Пожиратели облаков — страница 66 из 89

– И он сказал, что снимет обвинения?

Дилан поморщился.

– Все, кроме одного. Он предлагает, чтобы мы ходатайствовали о смягчении статьи и признали факт владения запрещенным материалом. На «тяжкое» это уже не тянет. В качестве приговора папе придется подписать обязательство о неразглашении, письменном или устном, материалов дела.

– Он на это не пойдет, – бросила Лейла. – А если обвинение признает, что свидетельство сфабриковано, о каком вообще «запрещенном материале» может идти речь?

– На допросе ФБР папа признал, что установил себе на лэптоп копию, кажется, «Адоуби криэйтив сьют». А это софт, лицензированный для использования только школой.

– Ты, блин, что, издеваешься? Они настолько обнаглели? Вначале насадить человека на кол так, как они сделали с отцом, а затем с честным лицом принуждать его к молчанию?

Дилан, со всей осмотрительностью изложивший ход событий и не видящий смысла усугублять те беды, что стояли на пути, сказал:

– Насчет «них», Лейла, давай переживать не будем. Во всяком случае, пока. А побеспокоимся лучше об отце и о том, что происходит непосредственно сейчас. Может, все-таки пойти на это предложение? Подать в этот гребаный суд петицию, и от папы наконец отвяжутся?

Мимо проехала машина – Джим Брентон и его сын с тяжелой формой аутизма, живут через три дома. Лейла помахала, а Джим дважды проклаксонил, все равно что в поддержку демонстрантов. Дилан рассказывал, что кое-кто из соседей уже сторонится Меджнунов, а какой-то неизвестный вскоре после папиного ареста орал под окнами что-то гнусное. А потому эти два гудка растрогали Лейлу чуть ли не до слез. Вслед за машиной Брентона проехал один из тех симпатичных почтовых фургонов с правым рулем. Почтальон в кабине выглядел симпатичней обычного почтового работника. Лейла выждала, когда обе машины скроются из виду.
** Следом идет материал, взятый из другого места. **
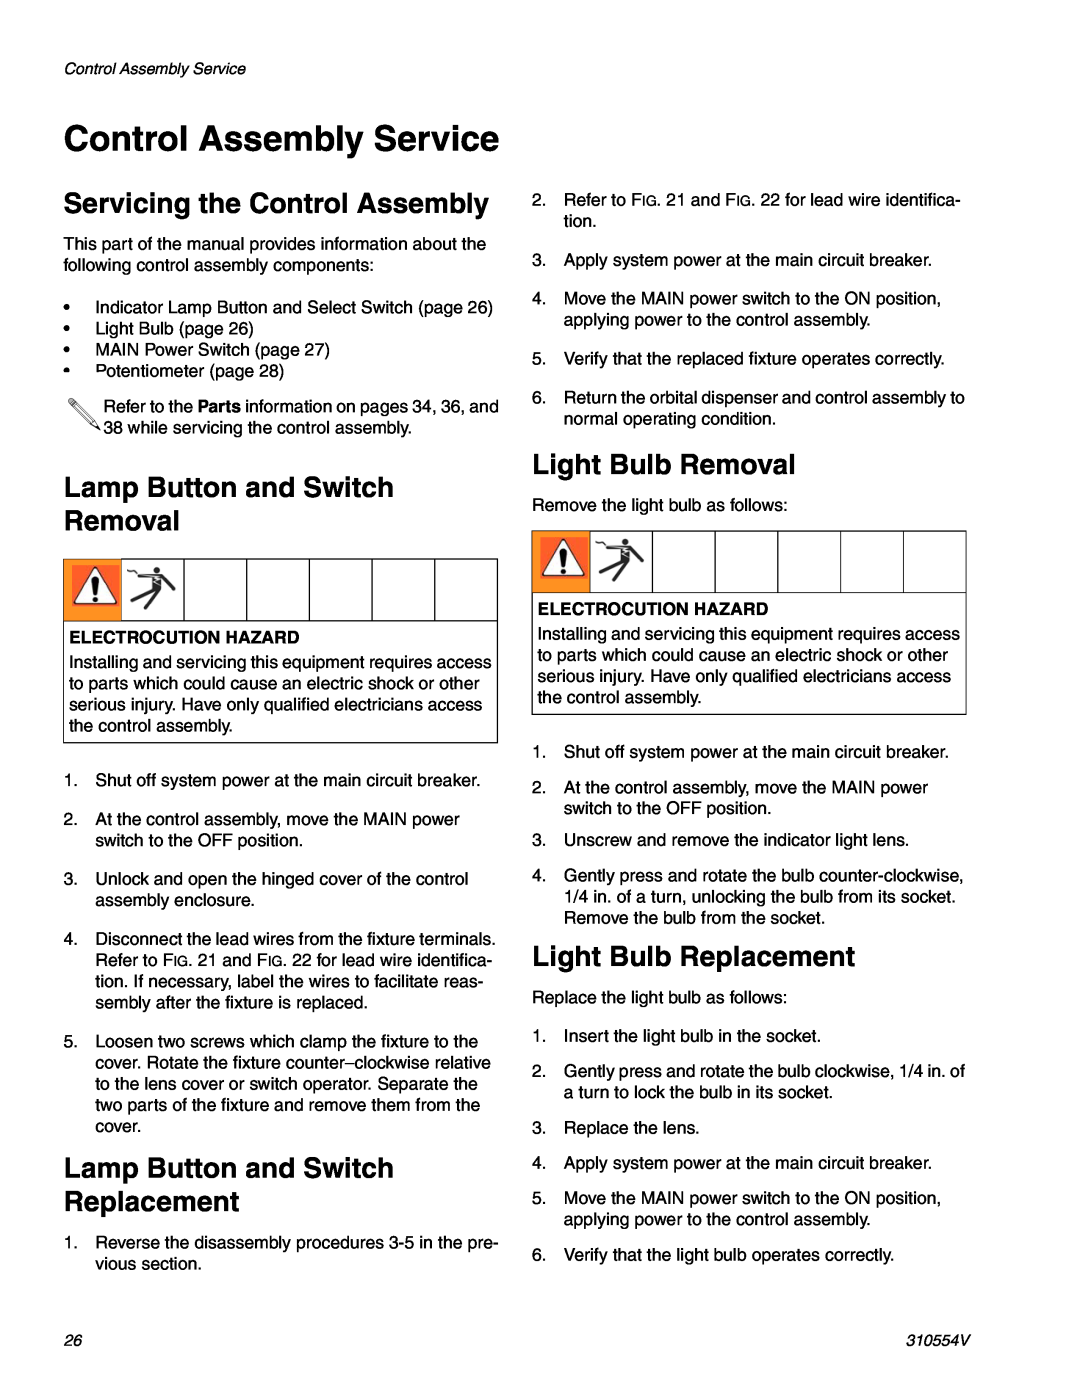 Graco 310554V Control Assembly Service, Servicing the Control Assembly, Lamp Button and Switch Removal, Light Bulb Removal 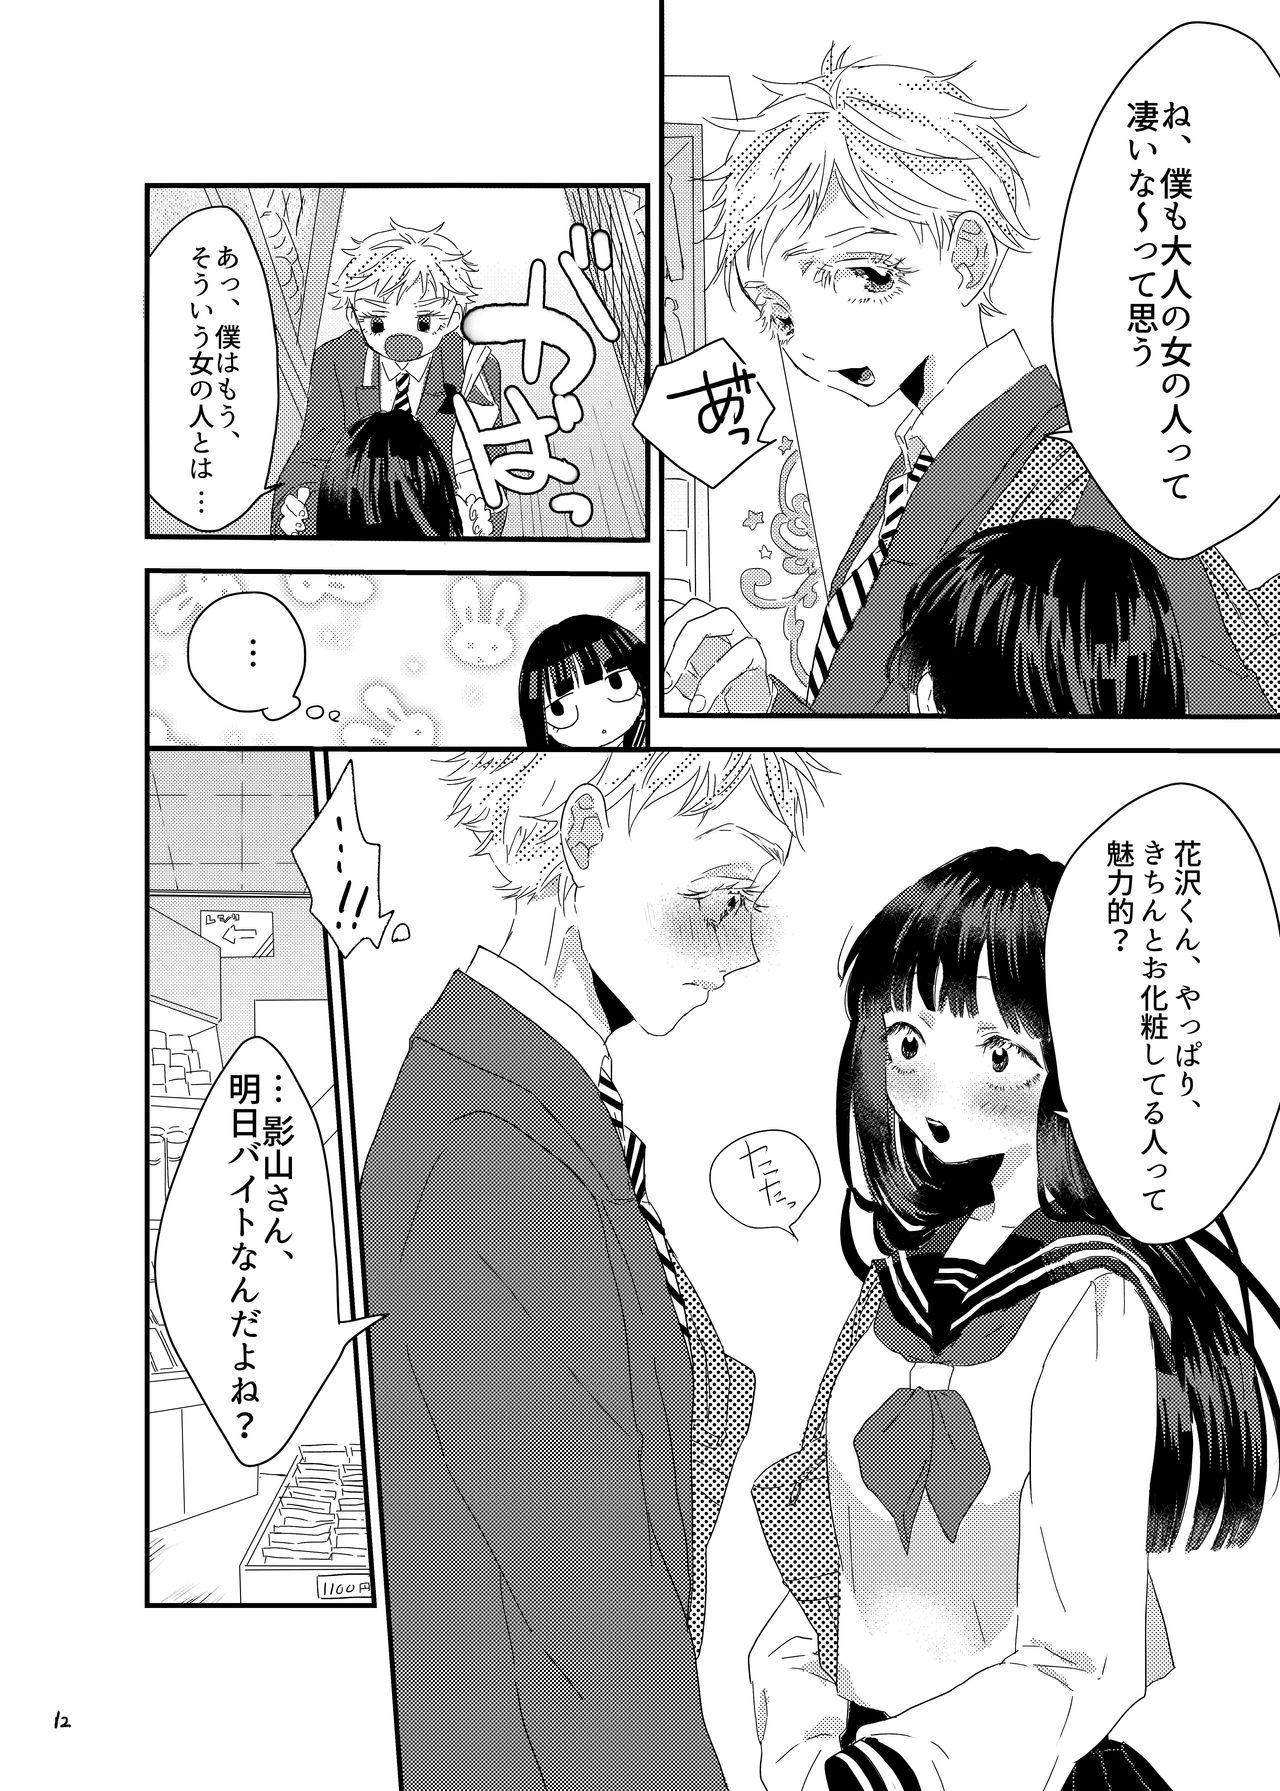 Pure 18 砂糖菓子姫 - Mob psycho 100 Colombia - Page 11

– Я знаю, ты надеешься, что он на это пойдет, – сказала она. – Но Дилан, в школе он даже порог не сможет переступить, пока всем не станет предельно ясно, что он полностью оправдан, а все обвинения с него сняты. Иначе та затычка о неразглашении… она его доконает.

– Все может быть, Лейла. – Сейчас они стояли вблизи, словно заговорщики; словно связанные пуповиной близнецы. – Но если пойти другим путем, то схватку мы можем проиграть. Или же она затянется на месяцы и годы, а в итоге нам снова придется выслушать те же условия, если не хуже. Так что может статься, папа в школу так и не войдет. Впрочем, мне б хотя бы видеть, что он просто ходит своими ногами.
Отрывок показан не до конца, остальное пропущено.